Daddy Brad: Tough decision but Barbie, probably yes because Barbie has been around forever. I remember my sister playing with Barbie.

Daddy Clay: Right. But a lot of parents feel uncomfortable with Barbie because of, shall we say, her dimensions. May cause problems with girls defining their body image. Do you want them creating an unrealistic expectation of themselves because of Barbie and…her hair?

Daddy Brad: Her hair is very long. And yeah, that might create some enmity.

Daddy Clay: That’s teacher Barbie. Do you think your daughter’s teacher is going to look like that?

Daddy Brad: Not my daughter’s teacher.

Daddy Clay: So would you buy a Barbie?

Daddy Brad: I wouldn’t buy a Barbie, but I’m not banning Barbie from the house.

Daddy Clay: Okay, Barbie’s not banned. I feel the same way. Actually, this Barbie belongs to my daughter and was given to her as a Christmas present and if she wants to play with a Barbie then fine. Same question, Bratz?

Daddy Brad: Bratz. Yeah, she’s got longer hair, if you know what I mean, and she looks a little strumpety.

Daddy Clay: Obviously, there a number of features: she can stand up. Eye makeup. Lipstick. Lots of bling. And that skirt is pretty short. So how would you feel about this with your five-year-old girl? Would you buy a Bratz?

Daddy Brad: Probably not. I don’t want my five-year-old thinking that that length of skirt is appropriate.

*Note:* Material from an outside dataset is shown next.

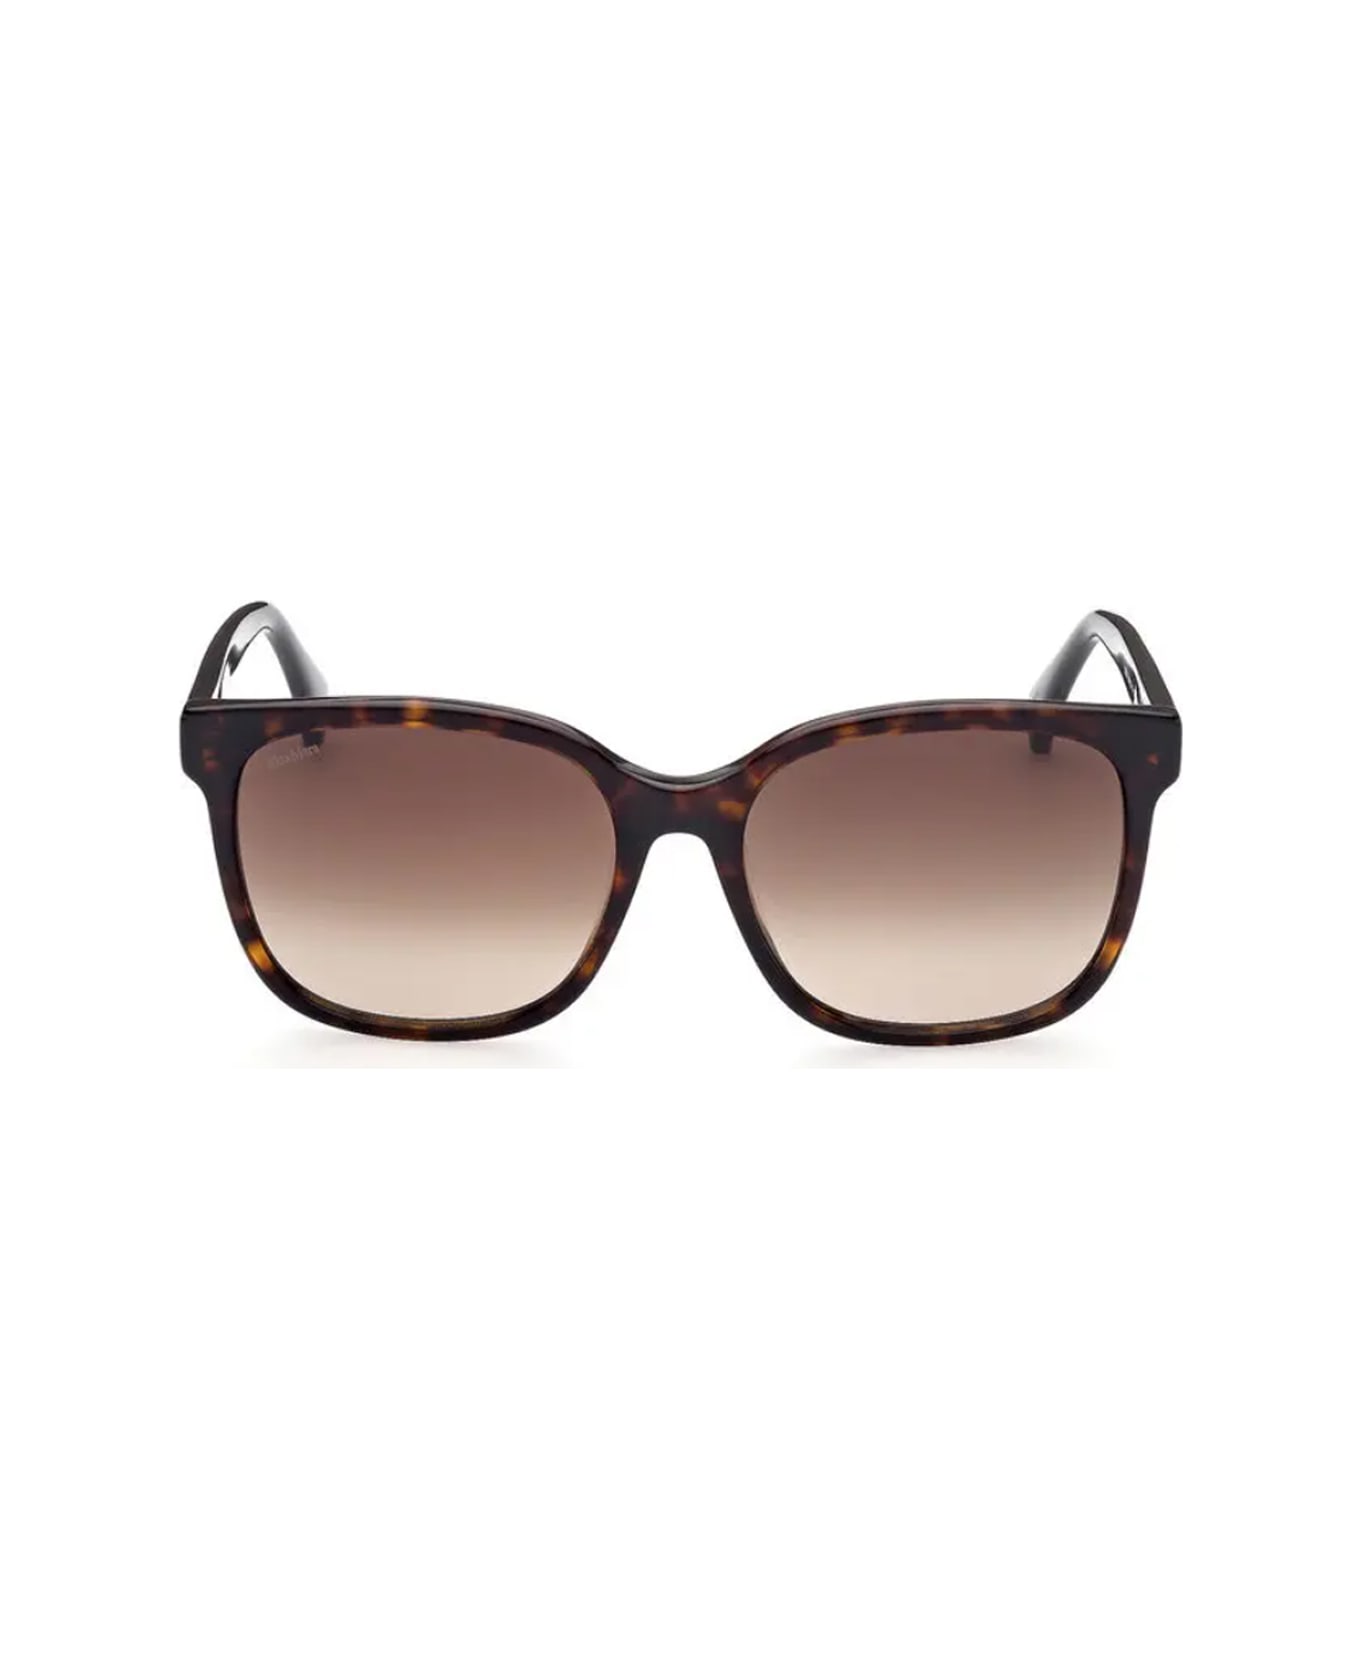 Max Mara Mm0025 Sunglasses - Marrone サングラス
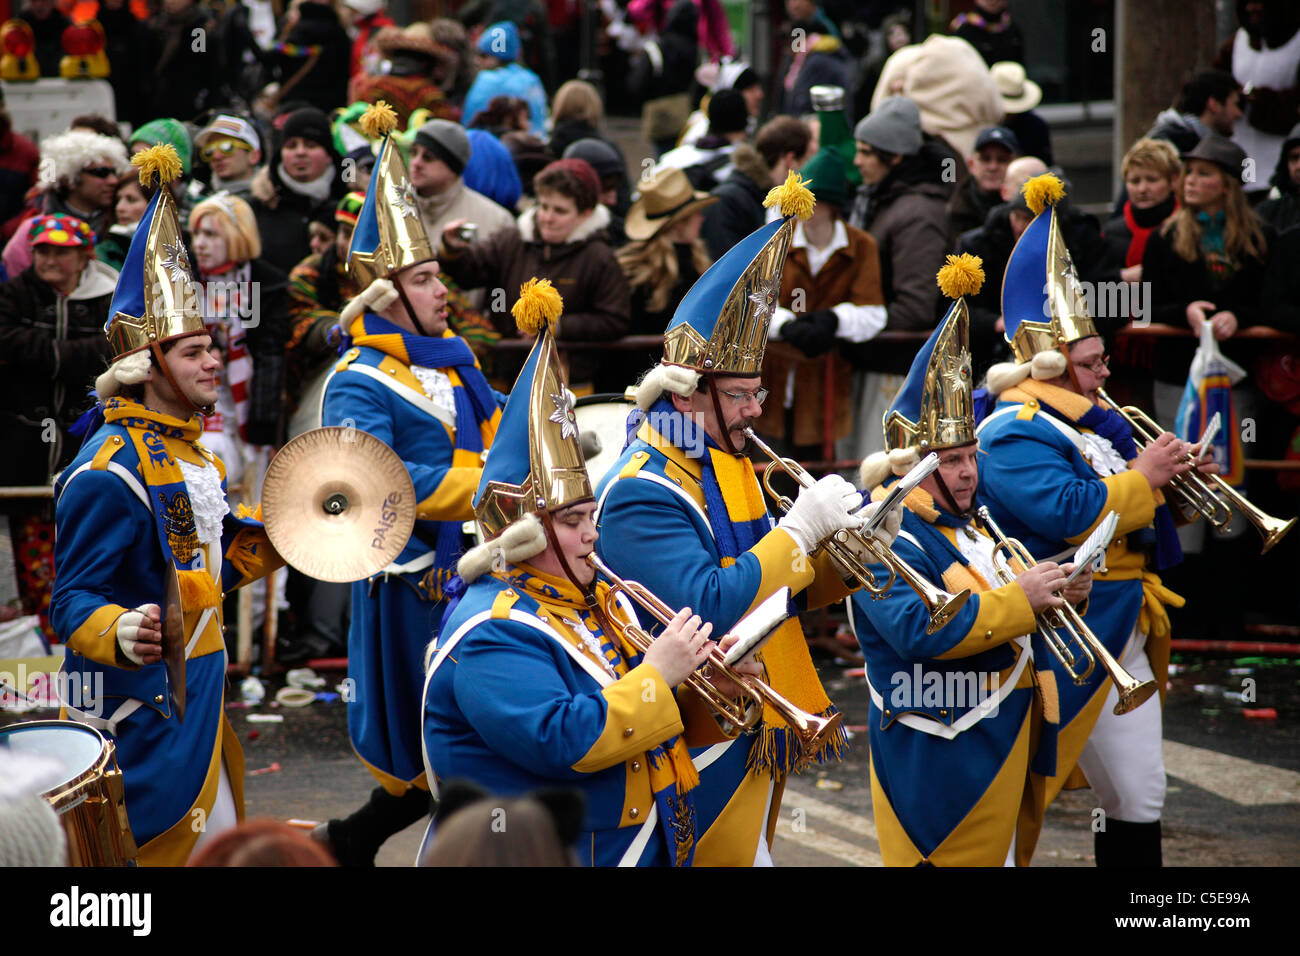 Rosenmontagszug parade, Carnival 2010 in Cologne, North Rhine-Westphalia, Germany, Europe Stock Photo

Good lord…

Daddy Clay: Not only would I not buy, I probably would not…God, would you be willing to fight that battle? I mean, if she opens that up at her birthday party, would you be willing to go get that, and say, “No honey,” and throw it in the trash? That’d be a tough battle to fight. So those of you who are invited to my daughter’s next birthday party, please, no Bratz, please.

Daddy Brad: You may have to go there, because it’s a huge industry. Barbie, which is a Mattel product, is 3-4 billion in sales. And then Bratz, which is MGA Entertainment, is 2 billion. They’ve almost caught up. So lots and lots of parents are buying these. When did they start the thongs?

Daddy Clay: And you know these dollies, they don’t like each other very much. As a matter of fact, Barbie is suing the crap out of the Bratz because Mattel, the owner of Barbie, contends that a designer was working for Mattel prior to Bratz, designed the Bratz, and then gave them away. So there’s a huge legal battle going on, there’s catfight.

Bratz: Bitch.

Barbie: Slut.

Bratz: Whore!

Barbie: Well, I’m nice, you collagen!

Bratz: Nice silicon there, miss priss!

Barbie: Argh!!!

Bratz: Ah,my legs, my legs!!!

Daddy Clay: If you’re uncomfortable with these two dolls, there is an option: this is an American Girl Doll. She’s obviously very wholesome; she has hair, a nice white outfit that goes all the way down. She comes with a book. Any doll that comes with a book has got to be a good thing. No makeup. The only issue here is that this baby is eighty dollars. So you definitely have alternatives: fashion dolls that are wholesome, that we all feel good about the girls playing with as long as you’re stinking rich.

Daddy Brad: Expensive! She’s got some split ends.

Daddy Clay: I think that’s all for us, here at the Dad Labs. Happy shopping.